*** DATA SHOWN Section Begins ***
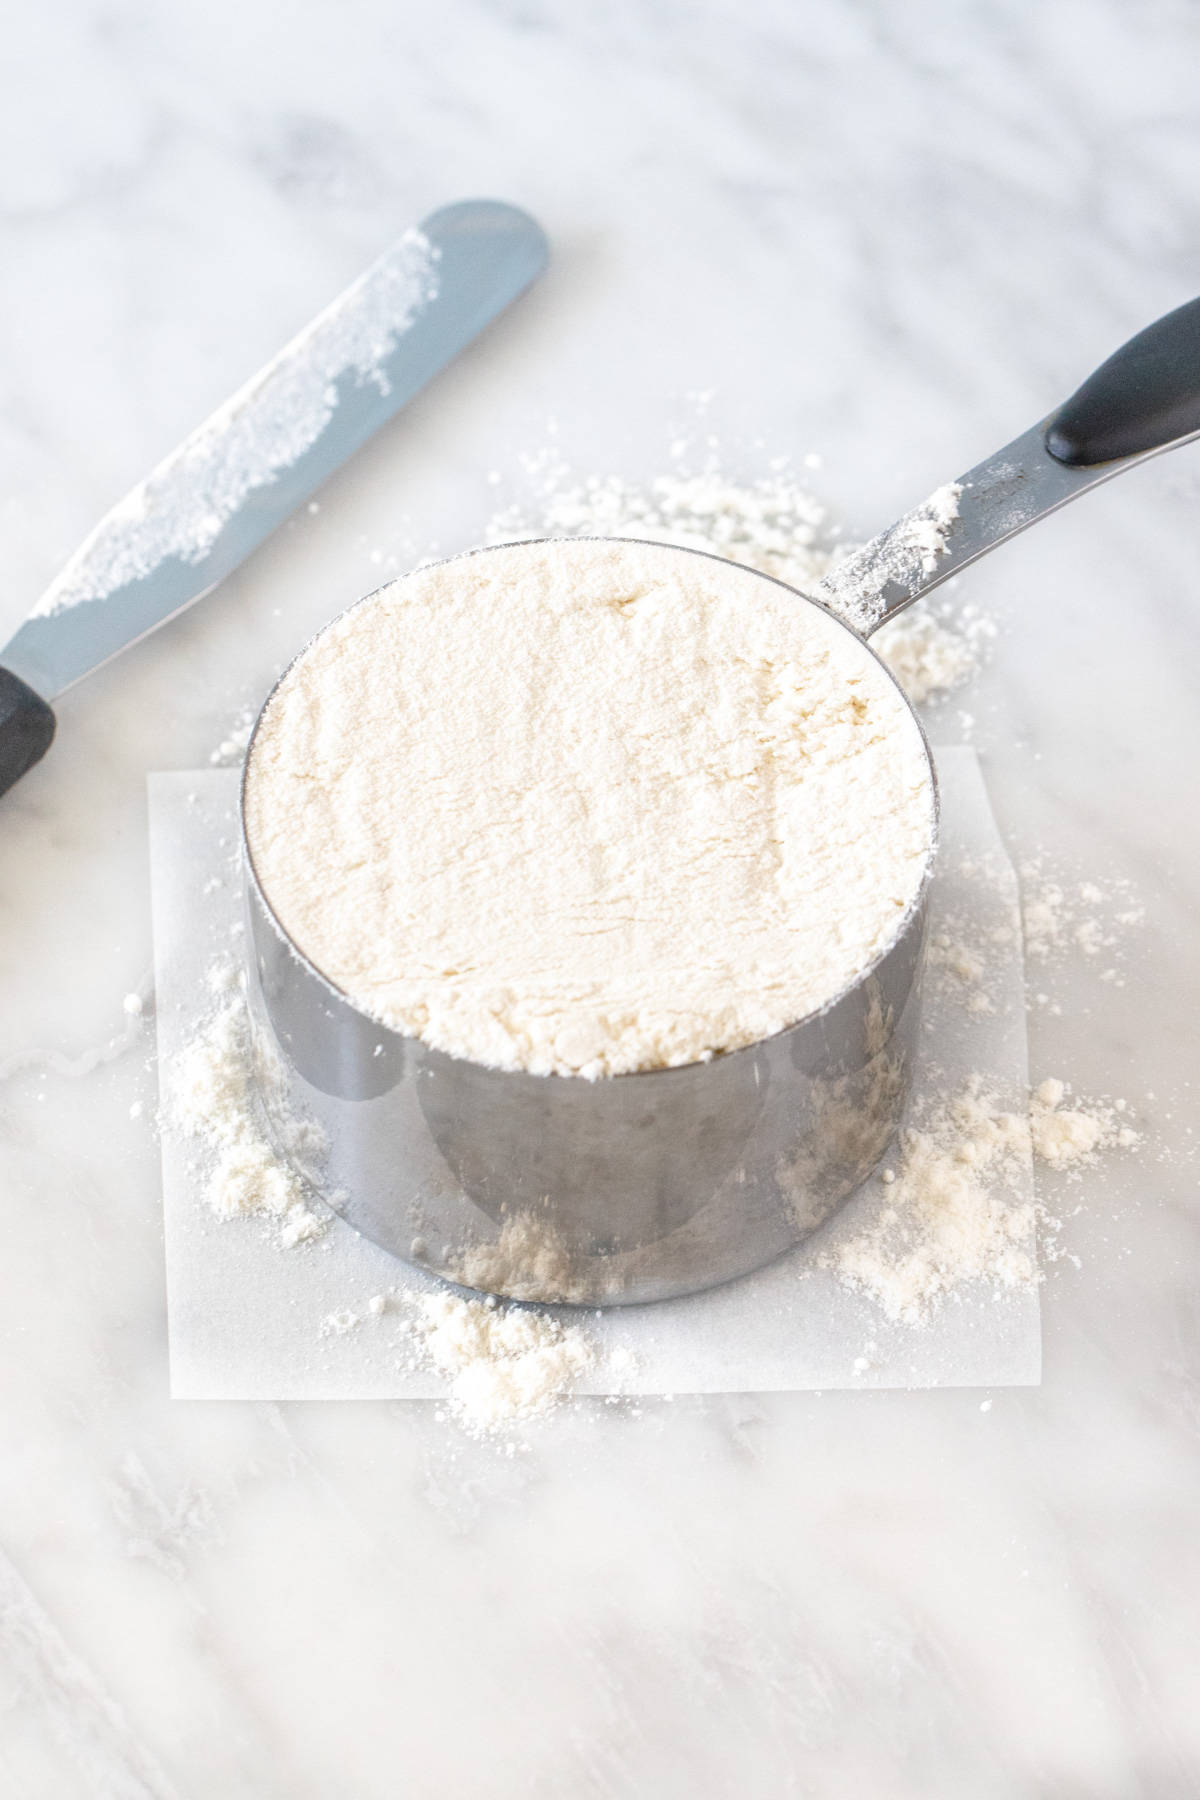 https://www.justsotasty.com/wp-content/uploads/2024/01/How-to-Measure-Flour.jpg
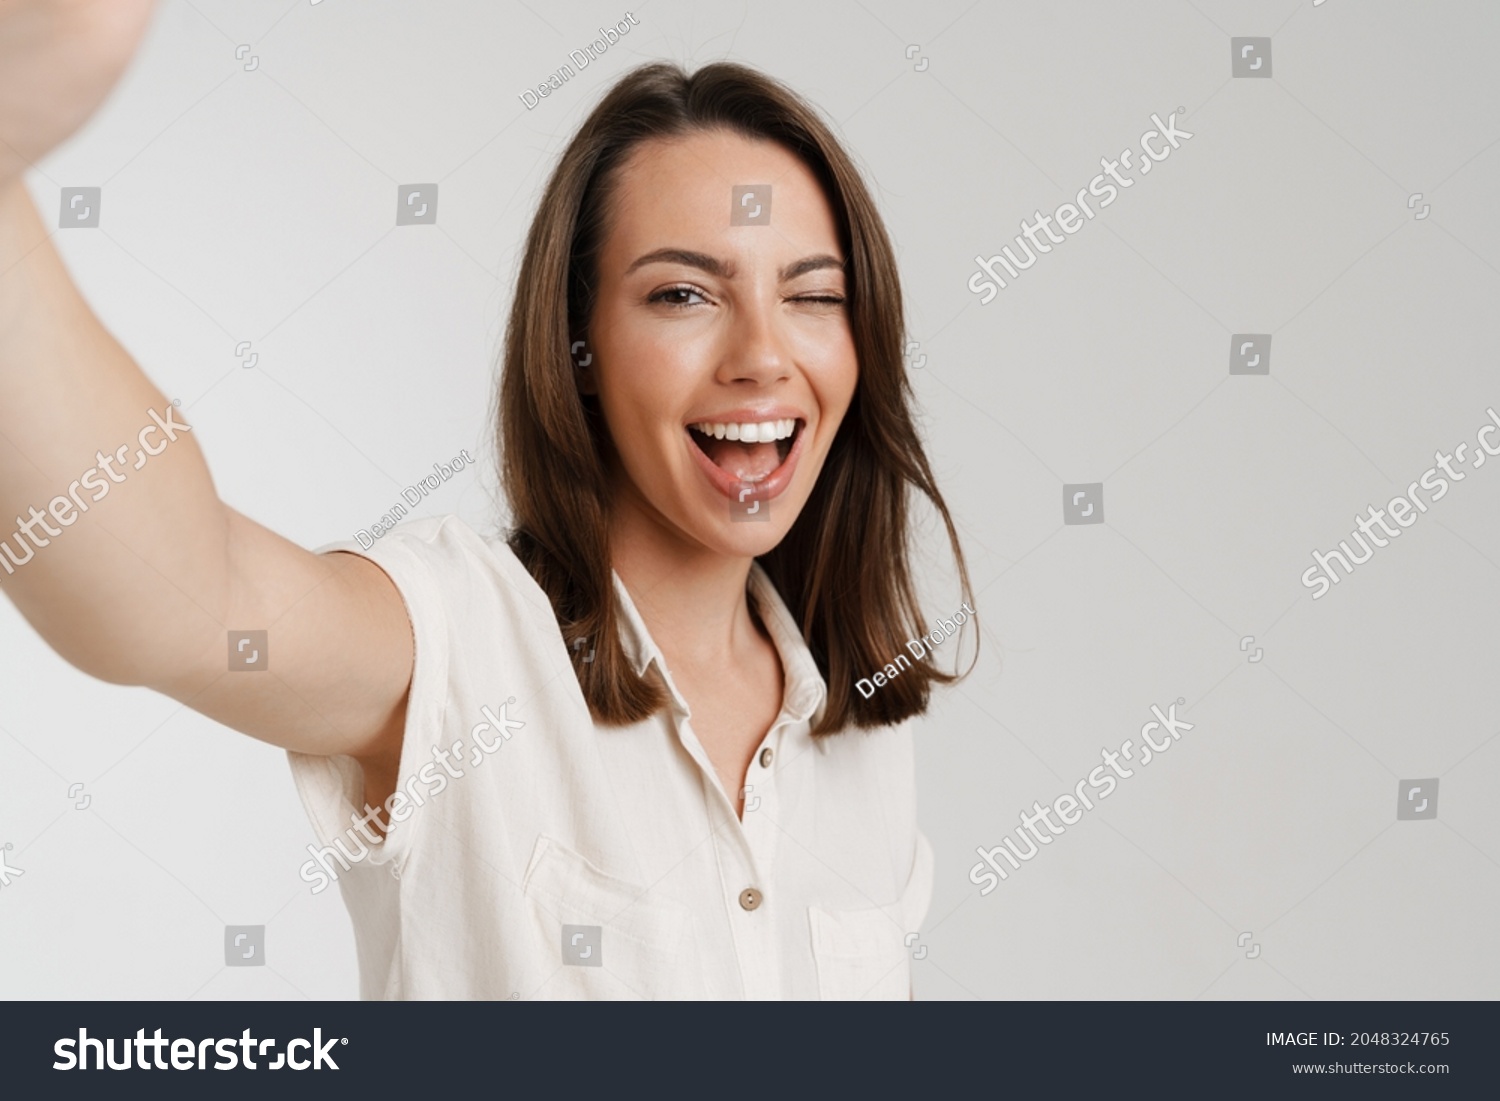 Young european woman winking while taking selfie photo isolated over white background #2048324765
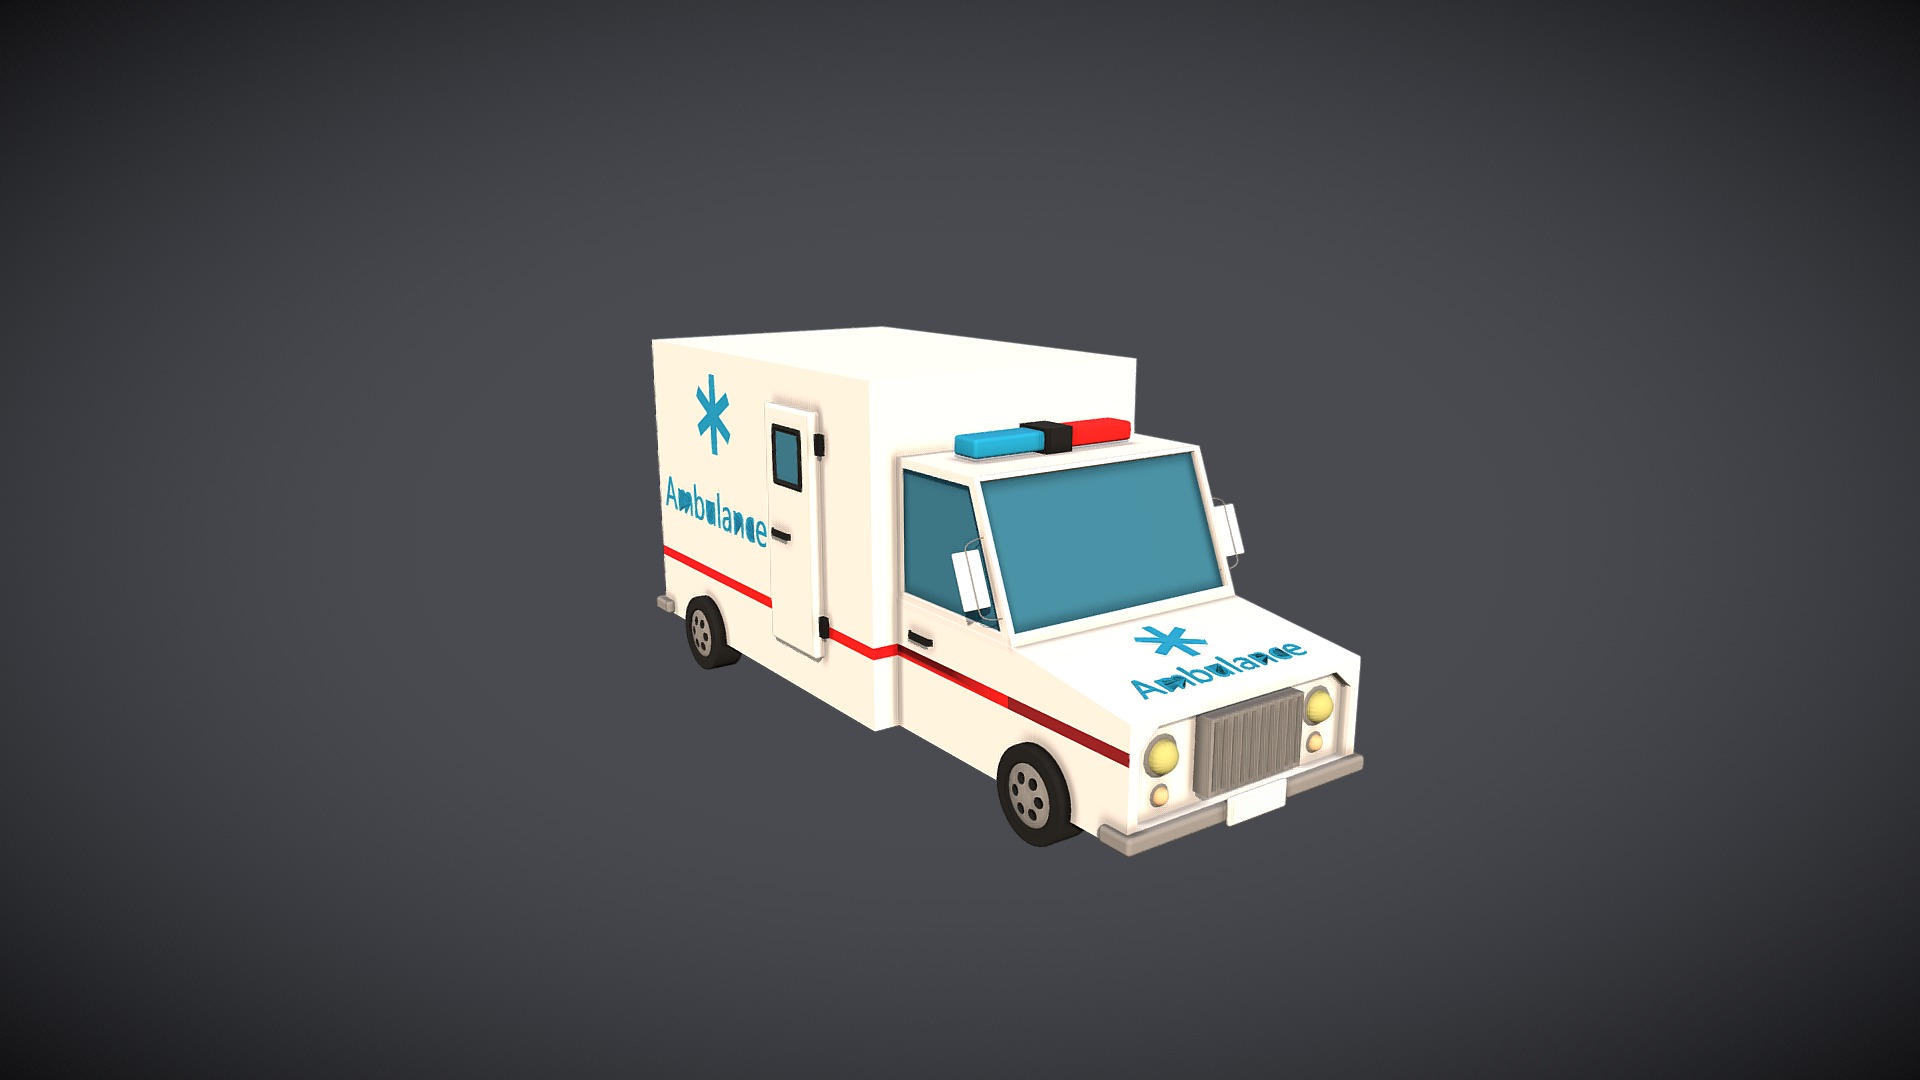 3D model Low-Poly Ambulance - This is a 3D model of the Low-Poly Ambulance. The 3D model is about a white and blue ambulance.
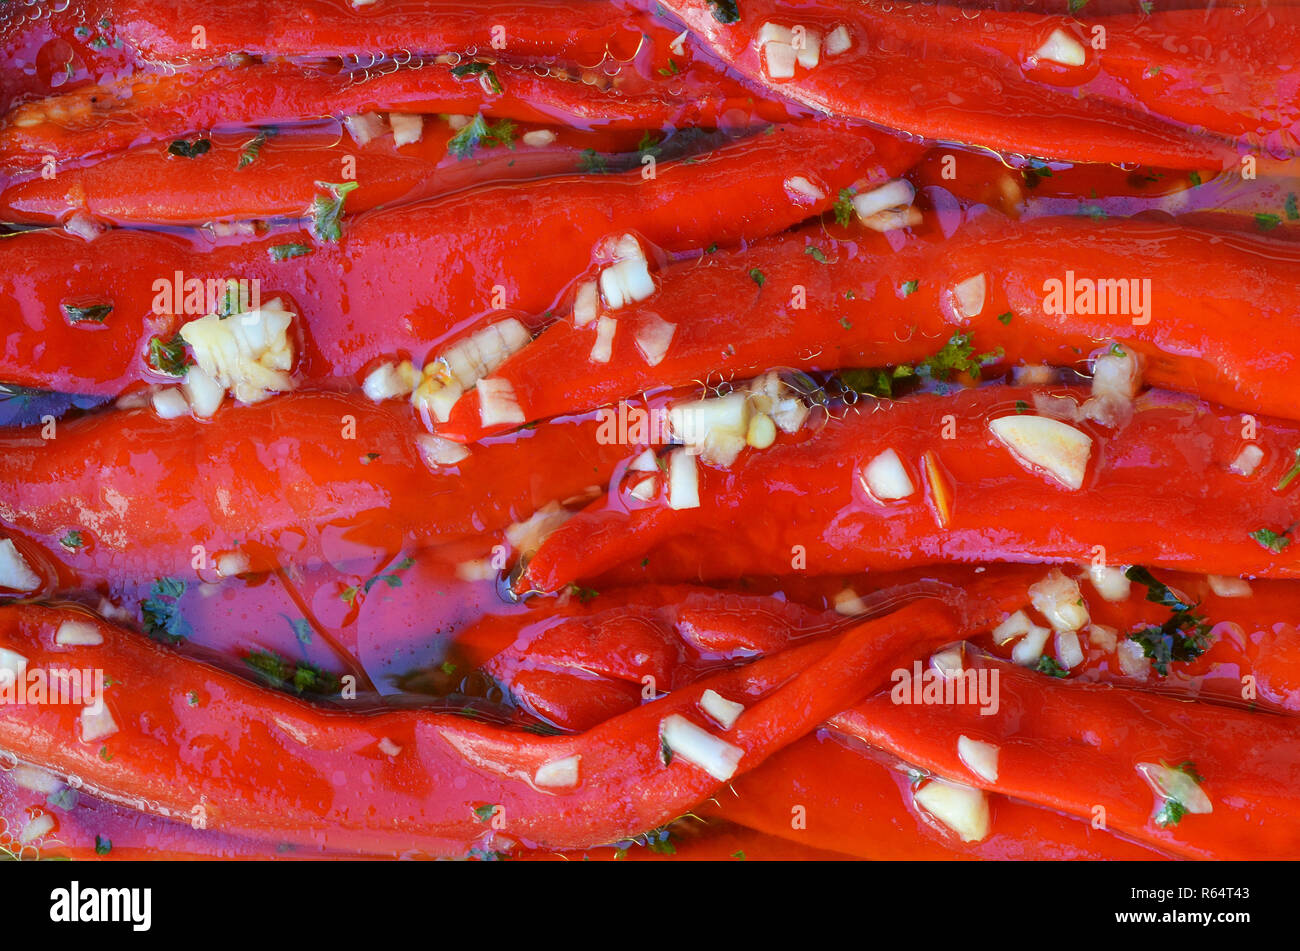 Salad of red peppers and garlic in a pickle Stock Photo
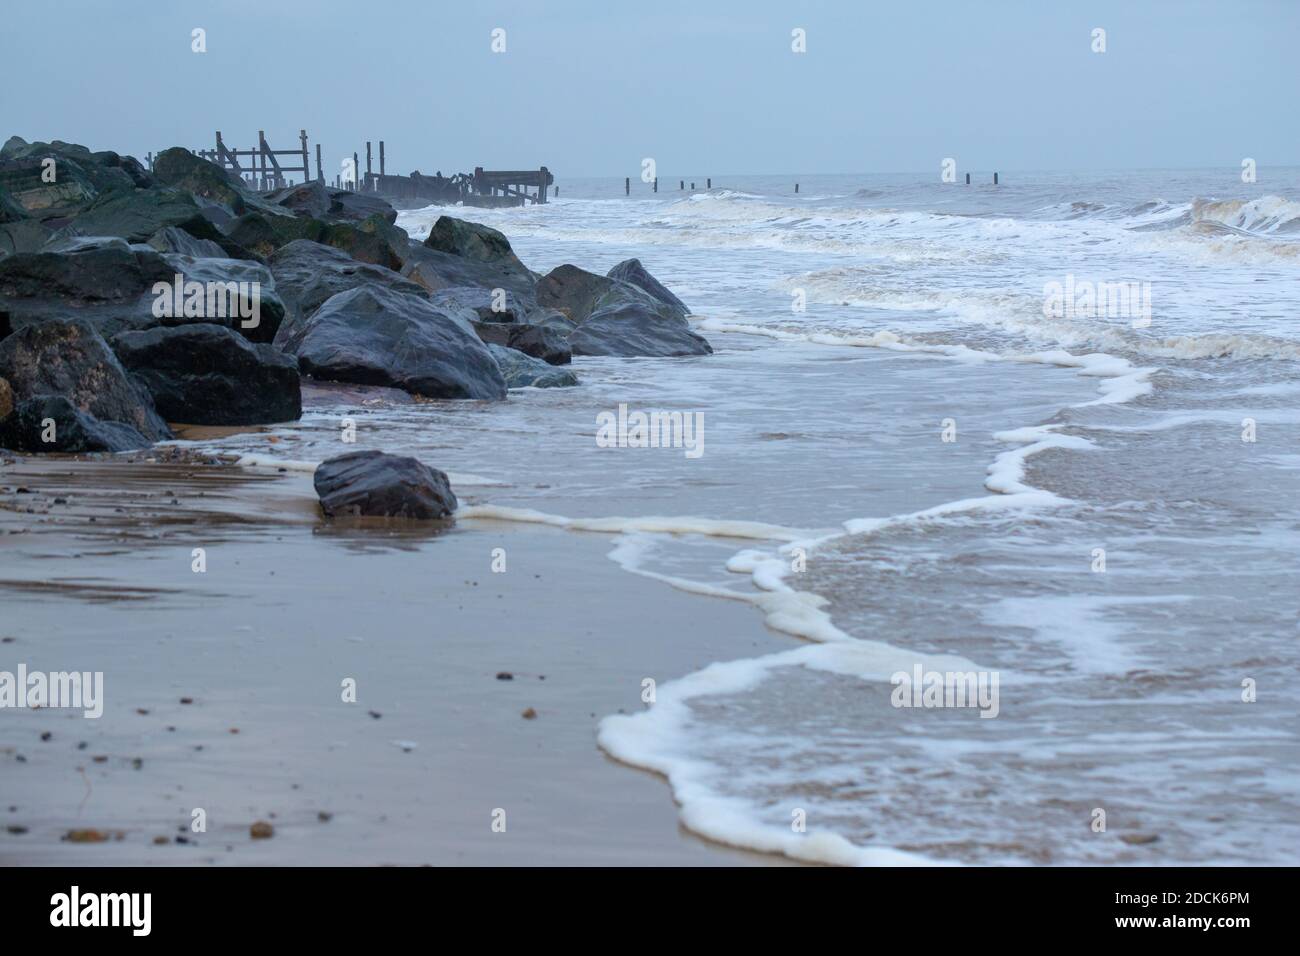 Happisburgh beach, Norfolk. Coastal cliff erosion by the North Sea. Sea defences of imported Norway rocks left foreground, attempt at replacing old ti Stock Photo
*** DATA SHOWN Section Ends ***
WHAT YOU ARE ASKED TO DO: Give each record above back word for word, but carry over none of the pictures.

RESULT OF THIS EXERCISE:
 https://www.justsotasty.com/wp-content/uploads/2024/01/How-to-Measure-Flour.jpg
 Young european woman winking while taking selfie photo isolated over white background #2048324765
 3D model Low-Poly Ambulance - This is a 3D model of the Low-Poly Ambulance. The 3D model is about a white and blue ambulance.
 Salad of red peppers and garlic in a pickle Stock Photo
 Happisburgh beach, Norfolk. Coastal cliff erosion by the North Sea. Sea defences of imported Norway rocks left foreground, attempt at replacing old ti Stock Photo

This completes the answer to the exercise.